2. Хотелось бы и бабушкины описать фотографии. Вот она восемнадцатилетняя, проживает в 1919 году в Киеве, в доме № 29 по Мало-Васильевской улице (надпись на обороте карточки): по причине тифа налысо обрита. Еще совсем недавно была она медсестрой 8‐й Красной армии. Мы потом с ней играли в как-ползком-вытаскивать-раненых-под-пулями, как их на себя грузить, чтобы спину не сломать. А вот тут, в 1925 году, она – в легком платье с геометрическим рисунком, чистая цыганка – турчанка? гречанка? сицилианка? Недаром и сына назвала Анатолием, то есть восточным. А вот она на фоне фонтана, в 1954 году, в Цхалтубо, в длинном цветастом платье с зонтиком и кофточкой в руке: в профиль, пучок седых волос, очки, дама-доктор. А дальше в моем альбоме, шагающем гигантскими шагами, уже крематорий Донского монастыря, восемнадцатый колумбарий, где она на фото такая, какой я ее помню в детстве. Рациональная, трезвая, знающая, физиологические подробности выдававшая без малейшего смущения и без запинки (женщинам непременно нужно беременеть, и даже прерванная беременность очень полезна для здоровья…), бабушка была подлинно эмансипированной дамой. Поэзия капитулировала перед ее знаниями и способностью находить выход во всех жизненных ситуациях. Она подтрунивала надо мной, когда я рыдала по убитой курице и мертвому карпу, еще вчера купленному живым. Когда ливень застиг нас однажды на прогулке без зонтика, она зашла в подъезд, сняла из-под платья комбинацию и замотала мне ею голову. Я помню эту розовую чалму. Она же придумала лешего Нехочуркина, который жил в ванне.

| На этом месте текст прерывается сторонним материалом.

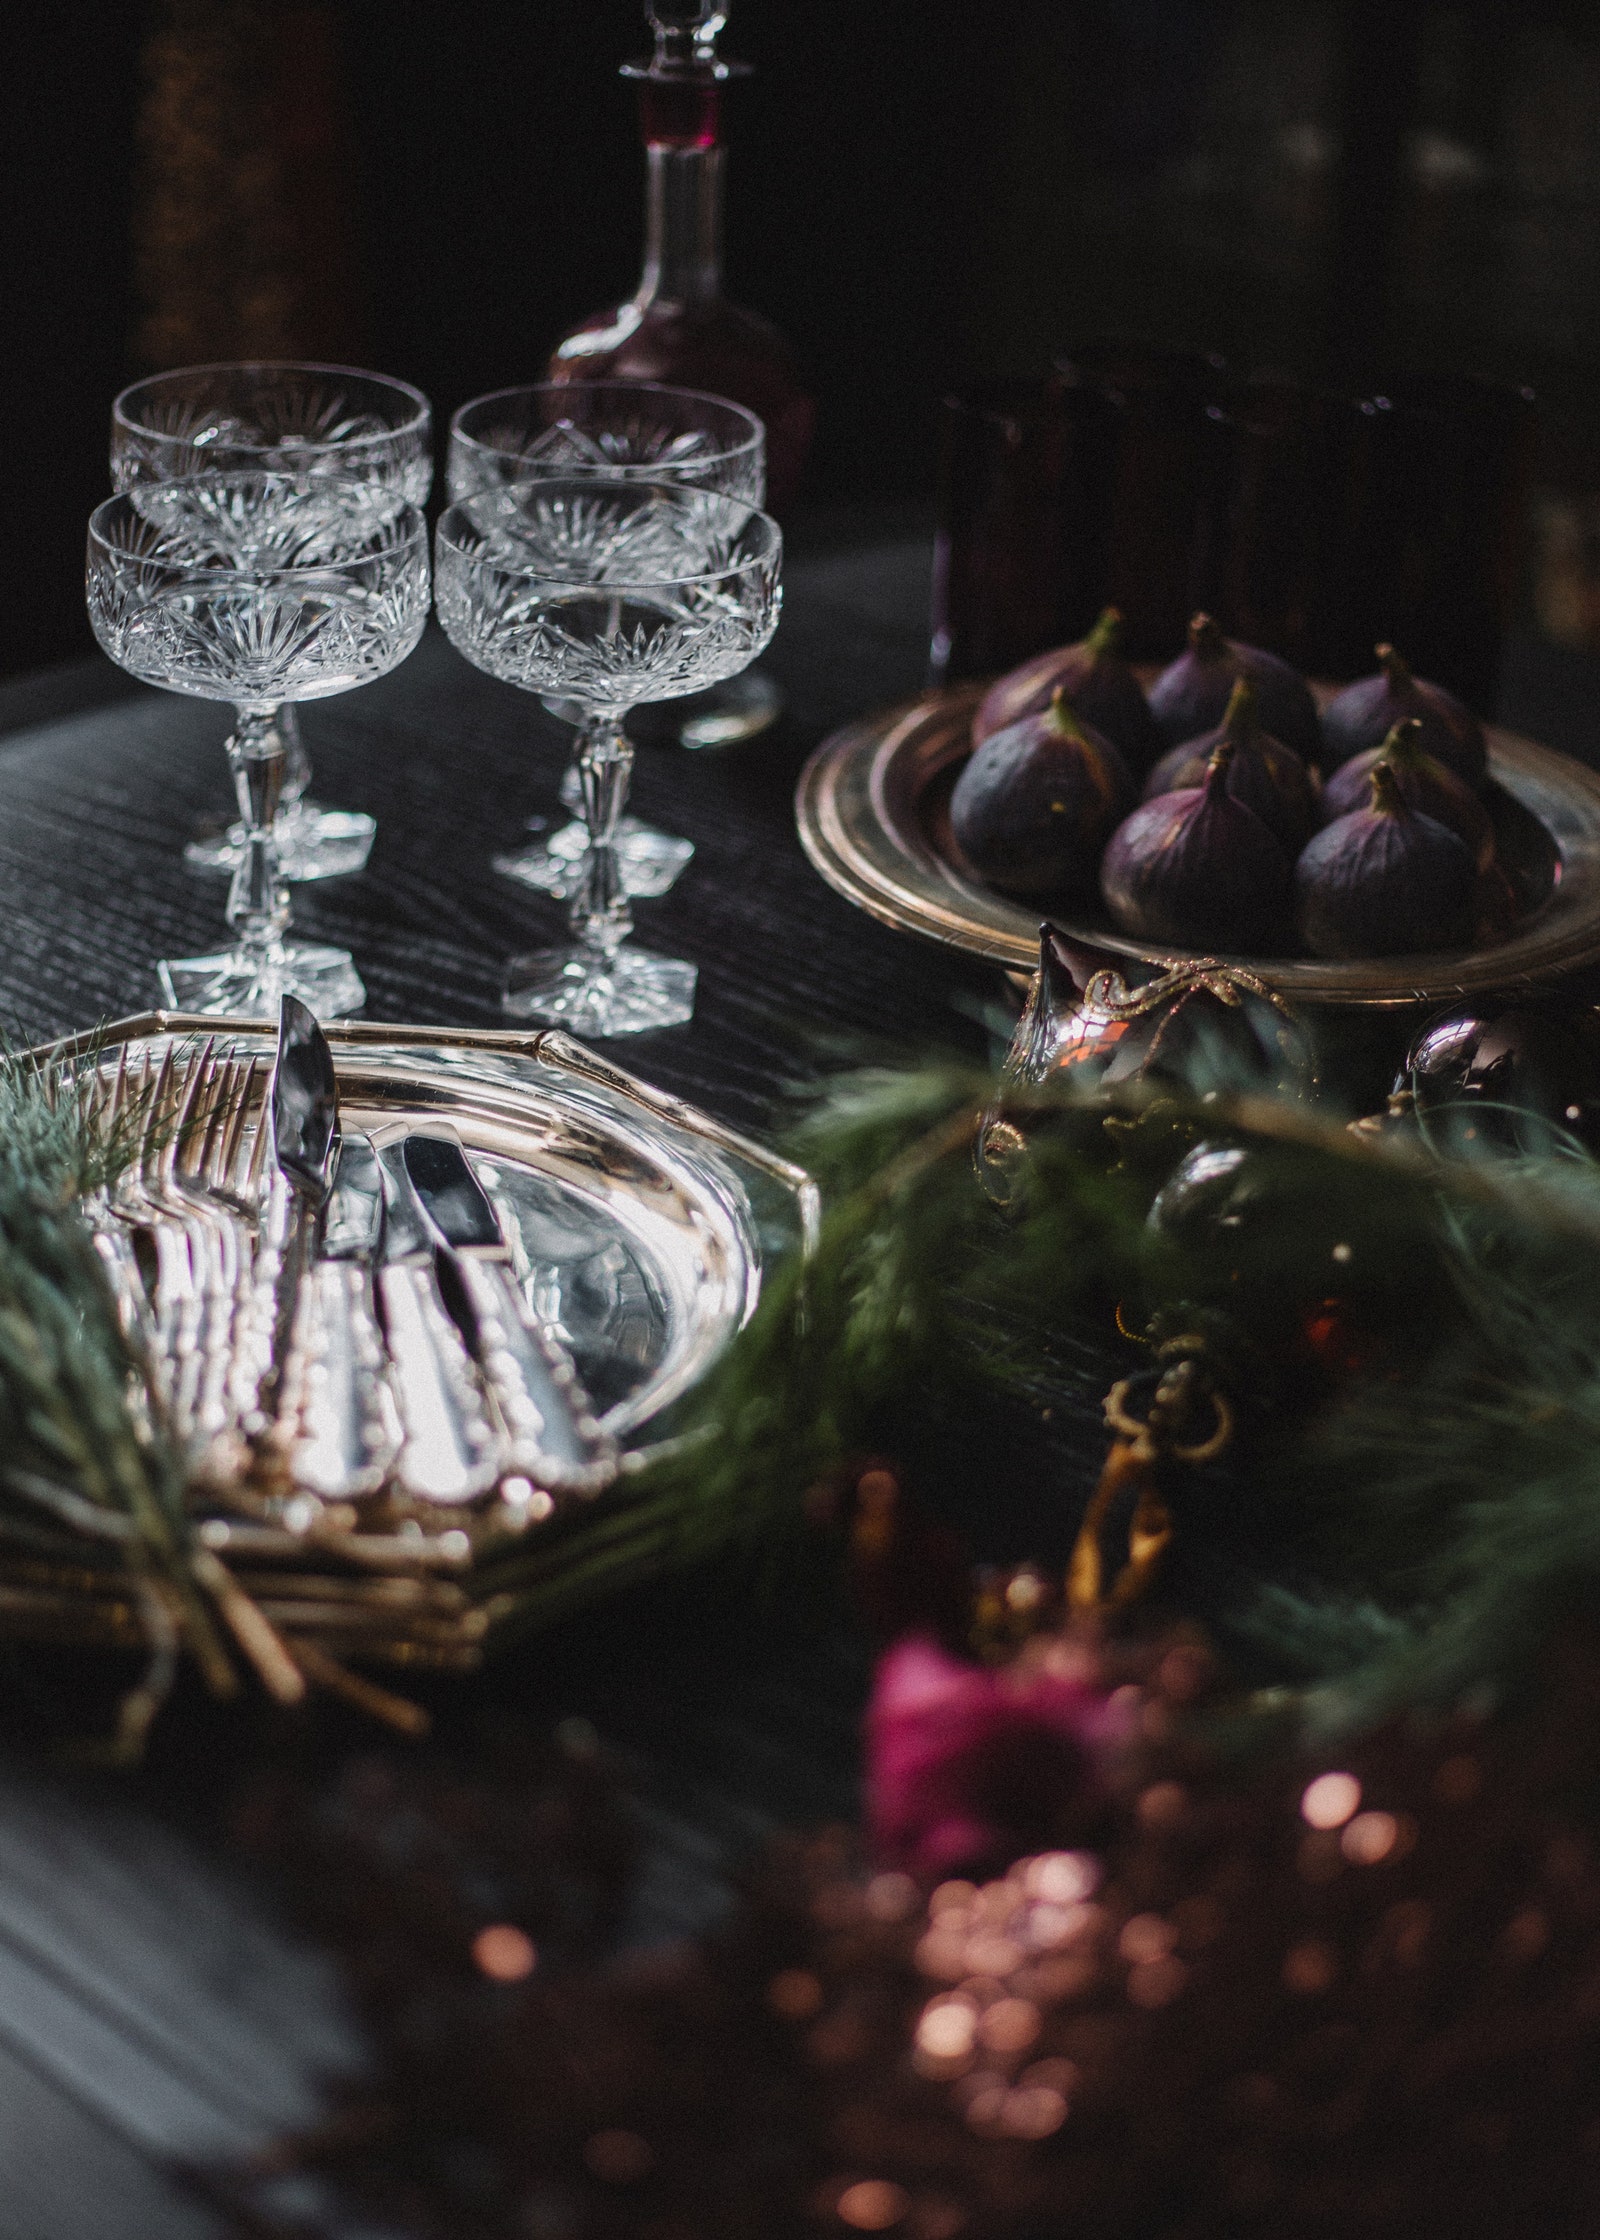 От скатерти до тарелок: как сервировать праздничный стол на Новый год

1. «Так я и жил, еврей по паспорту и по внешности, но не еврей в душе. Но…»
После этого «еврей, но не еврей», появление еще одного «но» неожиданно и закономерно. Ибо – в этом раздвоении, распадении, развеществлении имени, отчества, фамилии, в этом стирании границ и головокружении, в этой тошноте от истончения вербально-звательной материи, в этой череде самопереименовываний, многоименности и неоднозначности – личность, начиная только лишь грезить, уже теряет контуры, ветшает, обесцвечивается. Еще секунда, и ничего не будет. Исчезнет, из прозрачности станет пеплом и дымом, как мой прадед Иосель-Невах, сгоревший в Слуцке, никуда не успев уехать, в 1941 году.
Ты кто? Не знаю. Тебя как зовут? Запинка. Никакой уверенности.